Non-HLA antibodies targeting angiotensin II Type 1 receptor and endothelin-1 Type A receptors induce endothelial injury via β2-arrestin link to mTOR pathway

血管紧张素II PI3K/AKT/mTOR通路 mTORC2型 受体 生物 癌症研究 mTORC1型 细胞生物学 信号转导 内科学 医学
作者
Rusan Catar,Oskar Wischnewski,Lei Chen,Harald Heidecke,Claudia Rutz,Ralf Schülein,Duska Dragun,Aurélie Philippe,Angelika Kusch
出处
期刊:Kidney International [Elsevier BV]
卷期号:101 (3): 498-509 被引量:26
标识
DOI:10.1016/j.kint.2021.09.029
摘要

Functional non-HLA antibodies (antibodies to non-human leukocyte antigens) targeting the G protein-coupled receptors angiotensin II type 1 receptor (AT1R) and endothelin-1 type A receptor (ETAR) are implicated in the pathogenesis of transplant vasculopathy.
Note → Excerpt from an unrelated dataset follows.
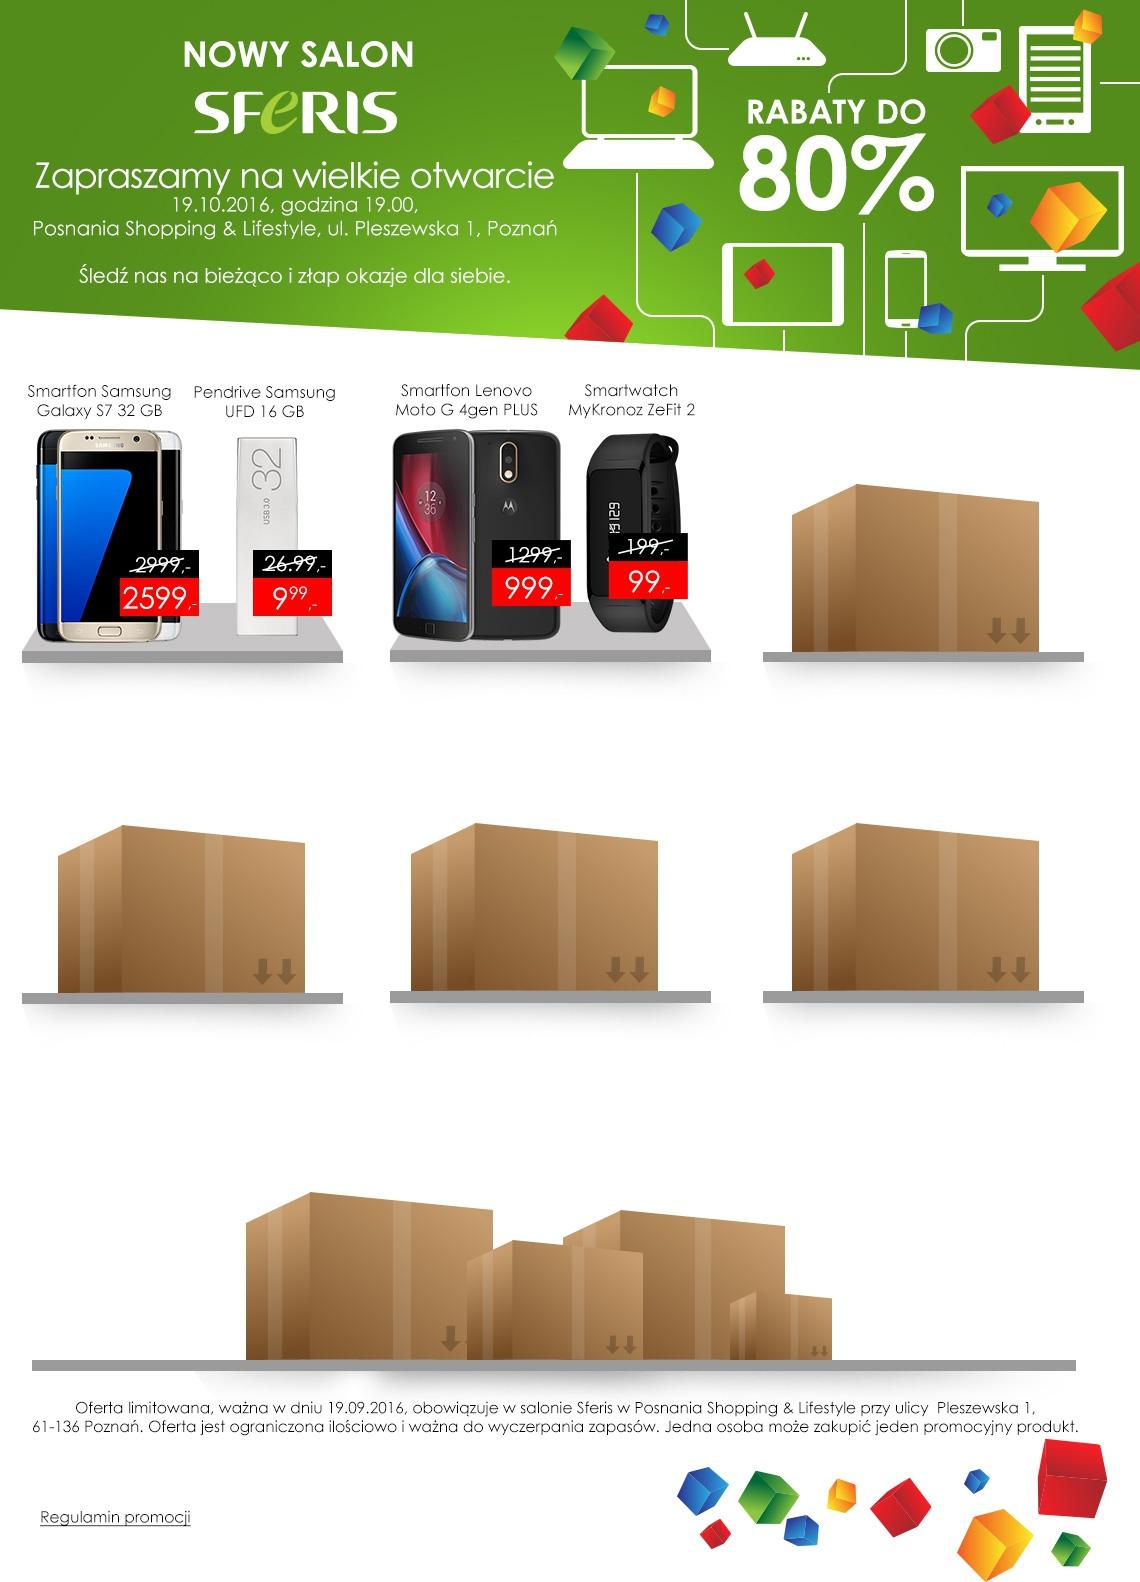 Pendrive Samsung 16GB za 9,99zł, Lenovo Moto G4 Plus za 999zł, MyKronoz ZeFit 2 za 99zł i inne @ Sferis (Poznań)

While ERK signaling (a regulator of cell growth) may represent a general cellular response to agonist stimulation, the molecular link between receptor stimulation and development of vascular obliteration has not been fully established. Here we hypothesize involvement of the versatile adaptor proteins, β-arrestins, and the major regulator of cell growth, PI3K/mTOR signaling, in impaired endothelial repair. To test this, human microvascular endothelial cells were treated with AT1R/ETAR antibodies isolated from patients with kidney transplant vasculopathy. These antibodies activated both mTOR complexes via AT1R and ETAR in a PI3K-dependent and ERK-independent manner. The mTOR inhibitor, rapamycin, completely abolished activation of mTORC1 and mTORC2 after long-term treatment with receptor antibodies. Imaging studies revealed that β2- but not β1-arrestin was recruited to ETAR in response to ET-1 and patient antibodies but not with antibodies isolated from healthy individuals. Silencing of β2-arrestin by siRNA transfection significantly reduced ERK1/2 and mTORC2 activation. Non-HLA antibodies impaired endothelial repair by AT1R- and ETAR-induced mTORC2 signaling. Thus, we provide evidence that functional AT1R/ETAR antibodies induce ERK1/2 and mTOR signaling involving β2-arrestin in human microvascular endothelium. Hence, our data may provide a translational rationale for mTOR inhibitors in combination with receptor blockers in patients with non-HLA receptor recognizing antibodies.